Nice article,  her book made my head spin too george!


----------



## Ian Holdich (16 May 2012)

Garuf said:
			
		

> > "ADA- don’t what it is"




saw that and thought...she's taking the Micheal there...looking forward to your article George are you gonna disprove any of her theories??


----------



## dw1305 (16 May 2012)

Hi all,
I hadn't seen this interview before, but I still think she makes a lot of sense for the less plant orientated fish keeper. 


> Adequate lighting, 2.5 cm underlayer of an unfertilized soil, large diversity of plant species, moderately hardwater, well-fed fish, and patience.


I think this recipe is likely to work for the majority of people who just want a "tank with plants", and it is the plants that make the difference.
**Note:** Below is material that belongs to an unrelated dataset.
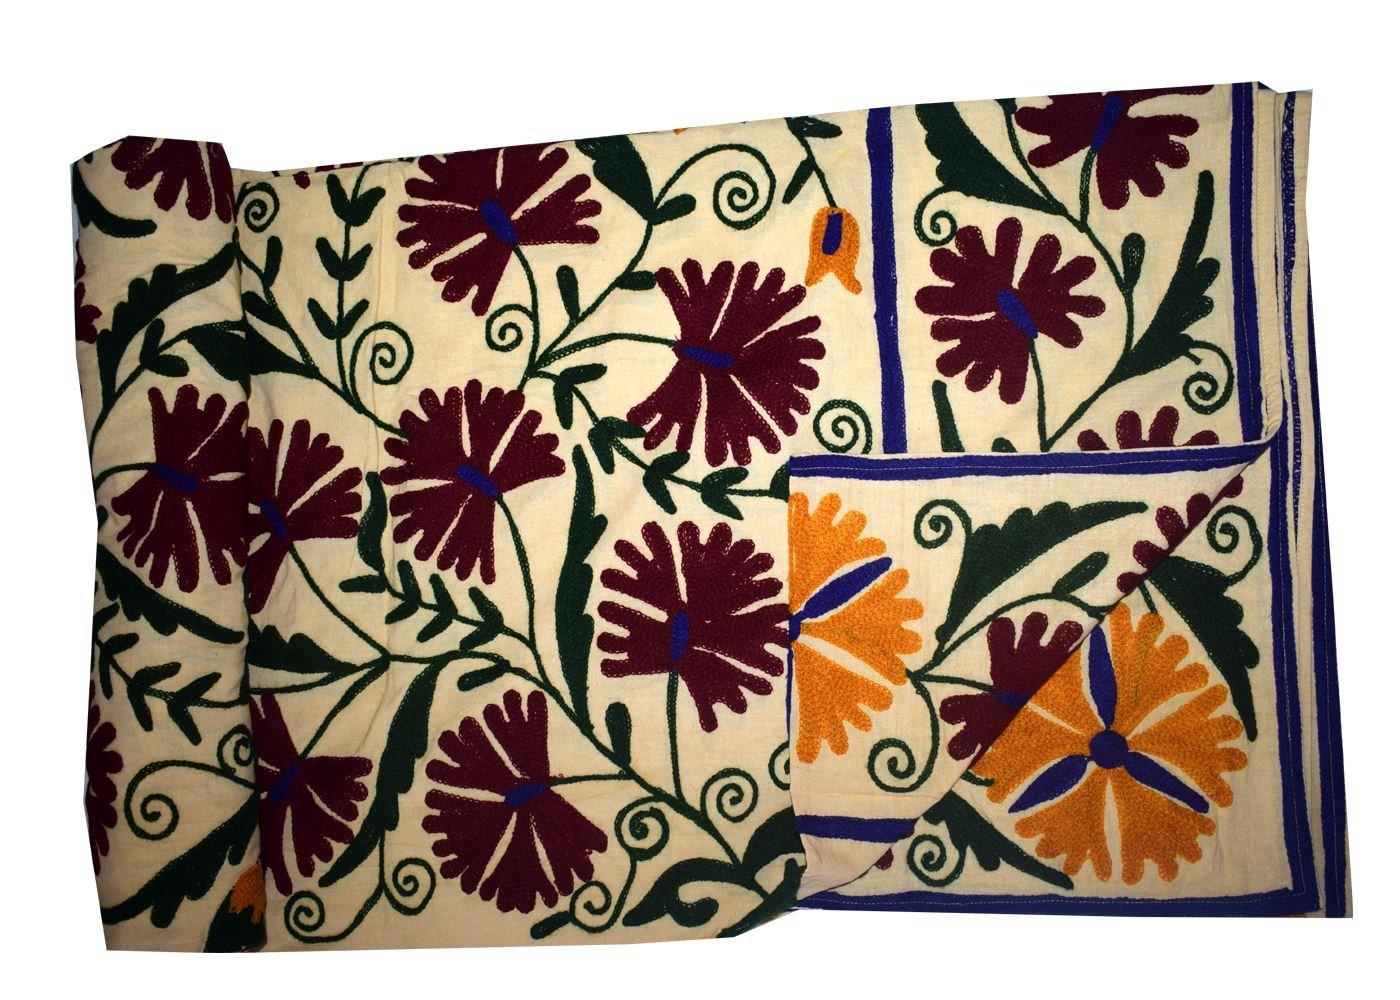 新しいインド花柄刺繍ハンドメイドコットンベッドスプレッドヴィンテージSuzaniベッドスローインテリアBedcover 90 X 108 Inches MPN B078Z2ZR3Y Cream Purple Floral Leaves 90 X 108 Inches

A "tank with plants" is enough to ensure much higher quality water than they would get in a tank without plants, even if the resulting tank doesn't satisfy everyone's aesthetic requirements.

cheers Darrel


----------



## Brenmuk (16 May 2012)

She doesn't seem big on aquascaping which is a shame. I see aquascaping and the method of growing plants a separate aspects of the hobby.

Also the picture at the top of the acuariorosa webpage I think is someone else called Pam Chin
See half way down this webpage - she just happens to be holding Diana's book.

http://www.greenstouch.com/gallery_misc_events_njas_50th1.htm


----------



## George Farmer (16 May 2012)

ianho said:
			
		

> ...looking forward to your article George are you gonna disprove any of her theories??


It's just a general overview of the different methodologies out there for growing plants. Nothing groundbreaking for regular UKAPS members but newbies may learn a few things.


----------



## Tim Harrison (17 May 2012)

> It's just a general overview of the different methodologies out there for growing plants. Nothing groundbreaking for regular UKAPS members but newbies may learn a few things.



Sounds like it will make an interesting article all the same, and it will be useful to be able to compare methodologies side by side. So I guess you will be mentioning the traditional low-energy and high-energy approaches. 

If you intend to mention my concept of hybrid-energy© or hybrid-tech©, I will expect full credit and payment for the use of my intellectual property rights. 

Tim


----------